For distinguished point deposits during peak hackathon activity, we expect:
- 10,000 workers
- 1 distinguished point per worker per minute
- ~170 writes/second
Well within limits.
Read Throughput
Reads scale better than writes. TypeDB Cloud auto-scales read replicas based on load.
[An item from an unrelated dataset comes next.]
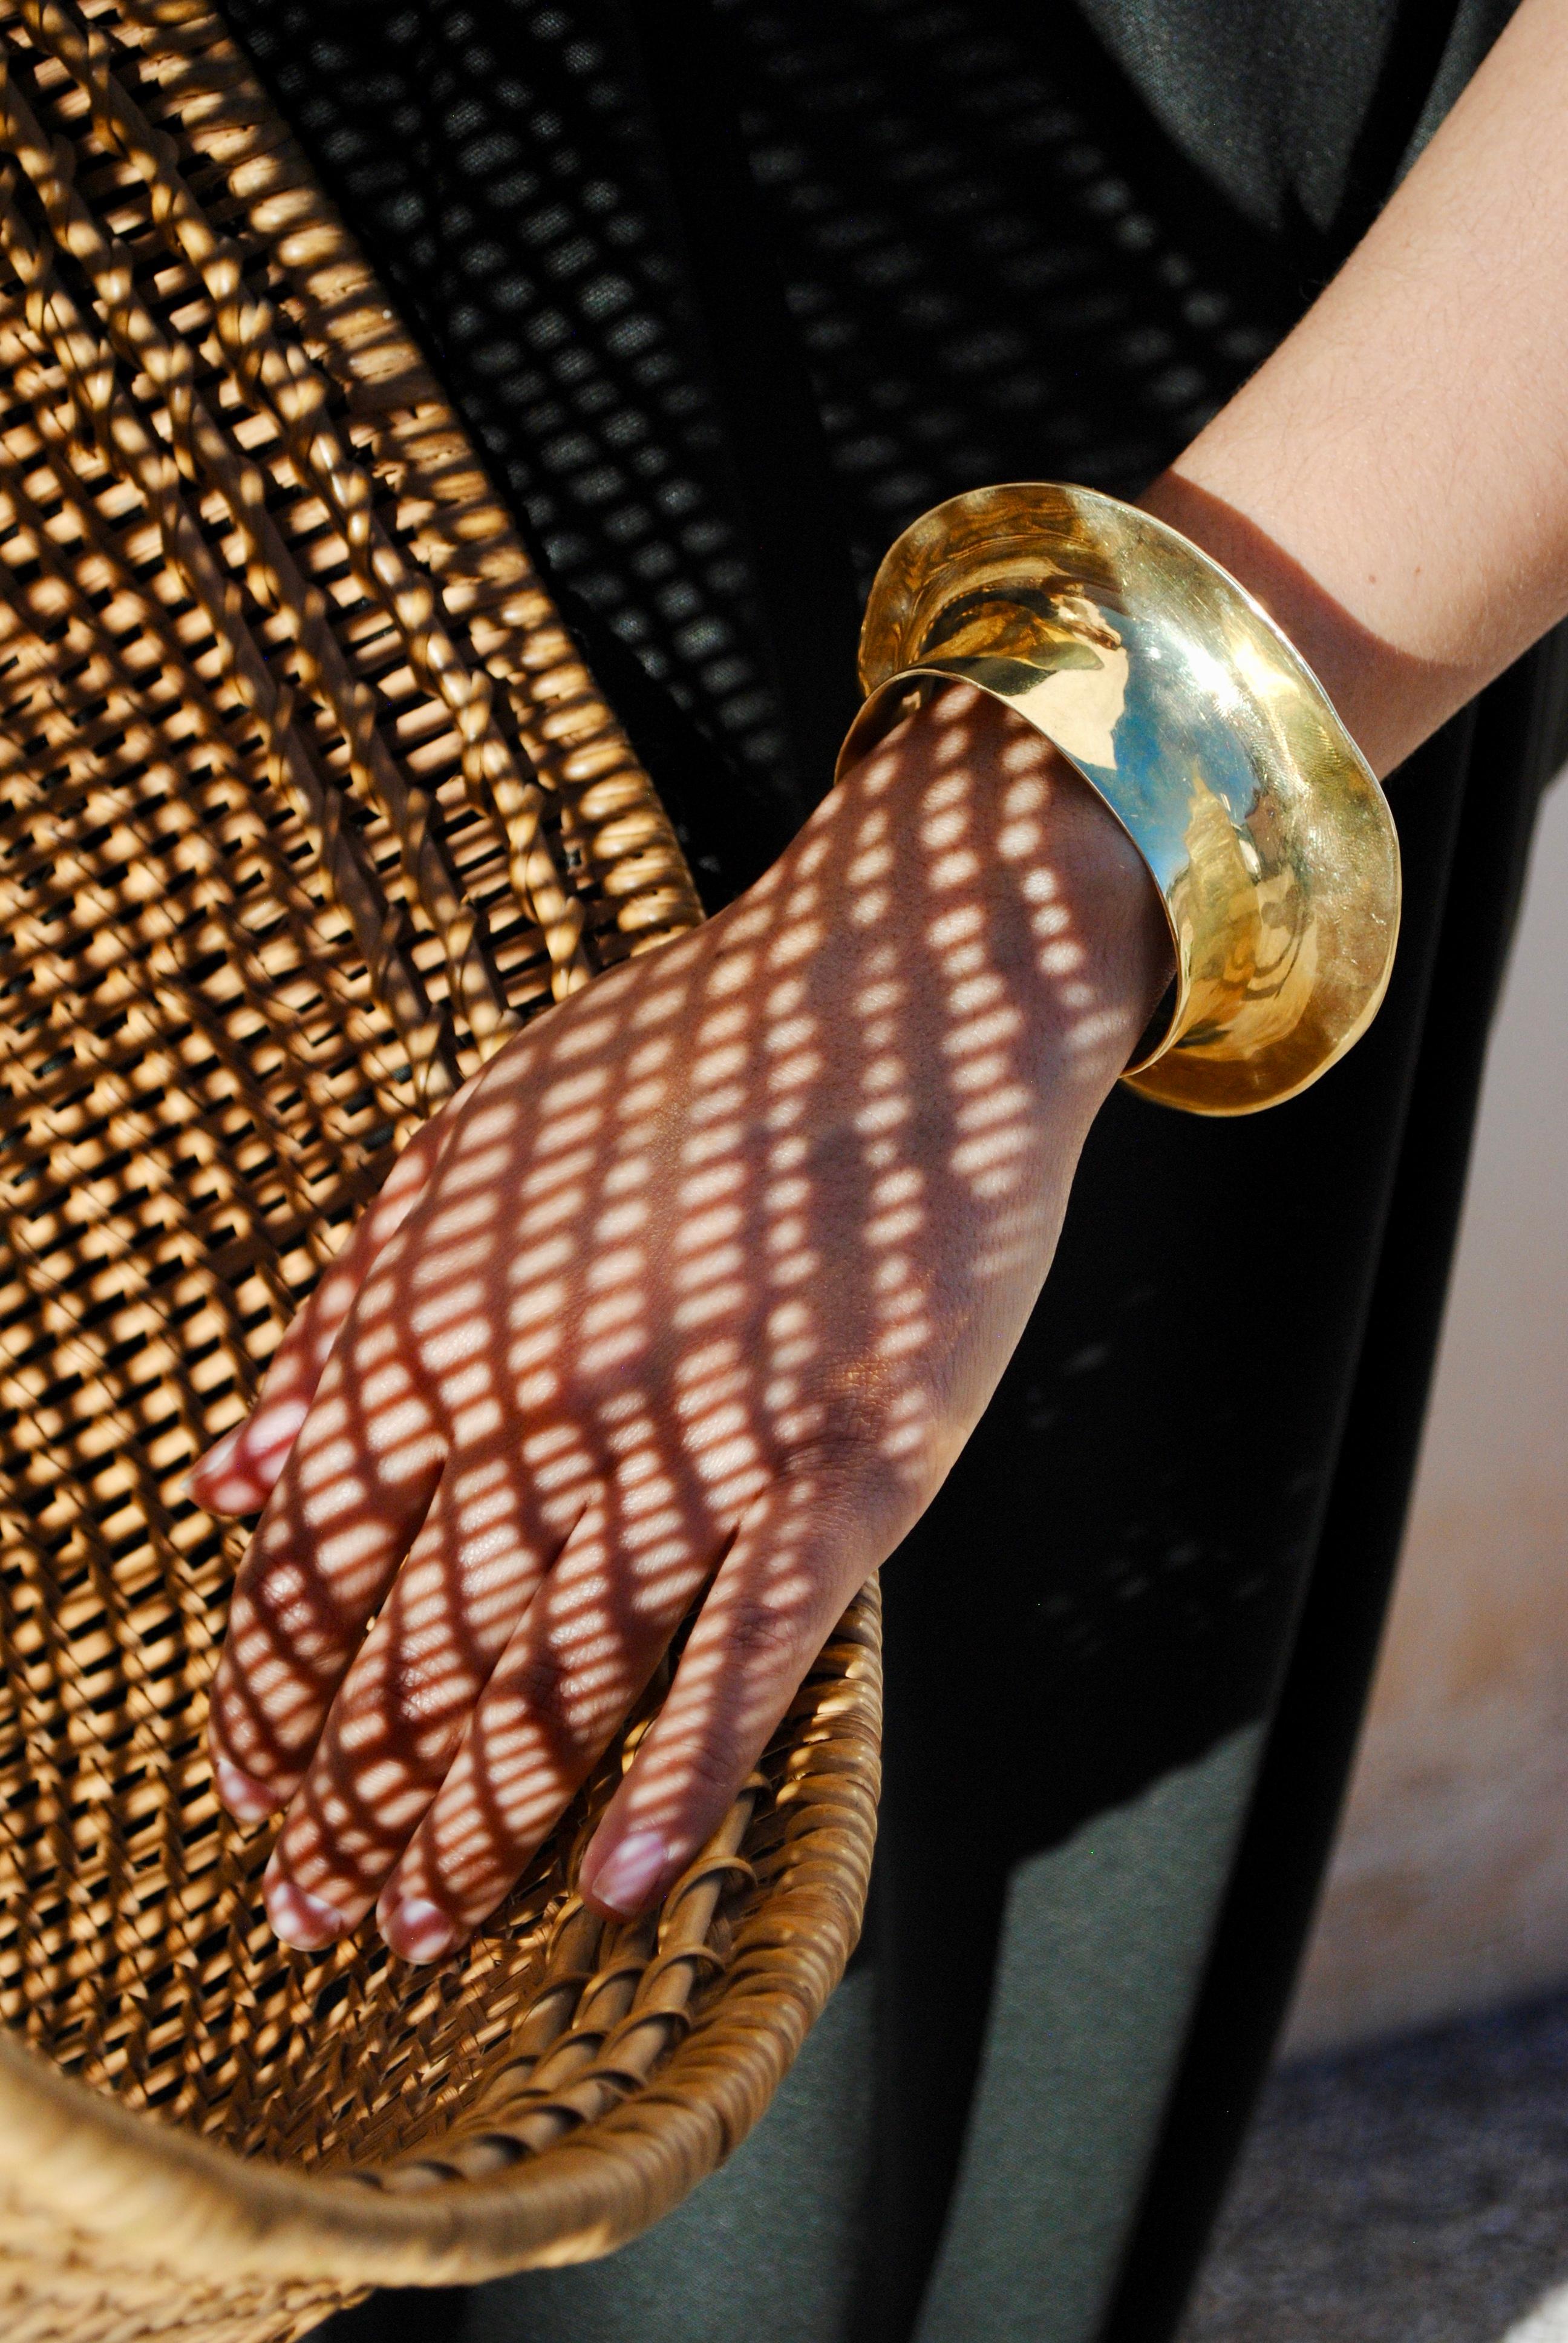 Our Despina cuff has become the signature piece of our collection. The first piece of jewelry Ariana carved from a block of wax before there was even a collection. It was inspired by Mayan Gold from the Met Museum in New York. It represents a strong

Agent sensing (querying pheromone levels) dominates read traffic:
- 10,000 workers
- 1 sense operation per second per worker
- ~10,000 reads/second
We use D1 for hot reads (current pheromone levels) and TypeDB for cold reads (historical patterns, graph traversals).
Storage
Current database size: ~500MB Projected after hackathon: ~5GB
TypeDB Cloud handles up to 100GB on our tier. We’re comfortable.
The Client Library
We built a custom TypeDB client for Python:
from ants.knowledge import TypeDBClient
async with TypeDBClient() as client:
# Read query
scouts = await client.query(
"match $a isa scout; select $a;",
read_only=True
)
# Write with parameters
await client.insert(
"""
insert $e (source: $s, target: $t) isa edge,
has id $id,
has pheromone_level $p;
""",
parameters={
"s": source_id,
"t": target_id,
"id": edge_id,
"p": 0.0
}
)
The client handles:
- Connection pooling
- Retry with exponential backoff
- Transaction management
- Type conversion (TypeQL ↔ Python)
Monitoring
We track:
- Query latency: p50, p95, p99
- Write throughput: Inserts/second
- Connection pool: Active, idle, waiting
- Schema version: Current deployed version
- Sync lag: D1 → TypeDB delay
Dashboards available at metrics.ants-at-work.com (internal).
Future Plans
-
Real-time subscriptions: TypeDB 3.x roadmap includes live queries. When implemented, agents can subscribe to pheromone changes instead of polling.
-
Multi-region: Currently single-region (US). Planning EU and Asia replicas for latency reduction.
-
Sharding: If we exceed 100GB, we’ll shard by mission. Each mission gets its own database, with a federation layer for cross-mission queries.
-
GPU acceleration: TypeDB supports GPU-accelerated graph operations. Evaluating for pattern detection workloads.
Try It
During the hackathon, participants get read access to the live database:
pip install typedb-driver
from typedb.driver import TypeDB, SessionType, TransactionType
with TypeDB.cloud_driver(
addresses=["cr0mc4-0.cluster.typedb.com:80"],
credential=TypeDBCredential("hackathon", "***", tls_enabled=True)
) as driver:
with driver.transaction("ants-colony", TransactionType.READ) as tx:
# Query the colony's memory
results = tx.query("match $p isa pattern; select $p;").resolve()
Credentials provided upon hackathon registration.
TypeDB is a product of Vaticle. Ants at Work is not affiliated with Vaticle but uses their excellent database.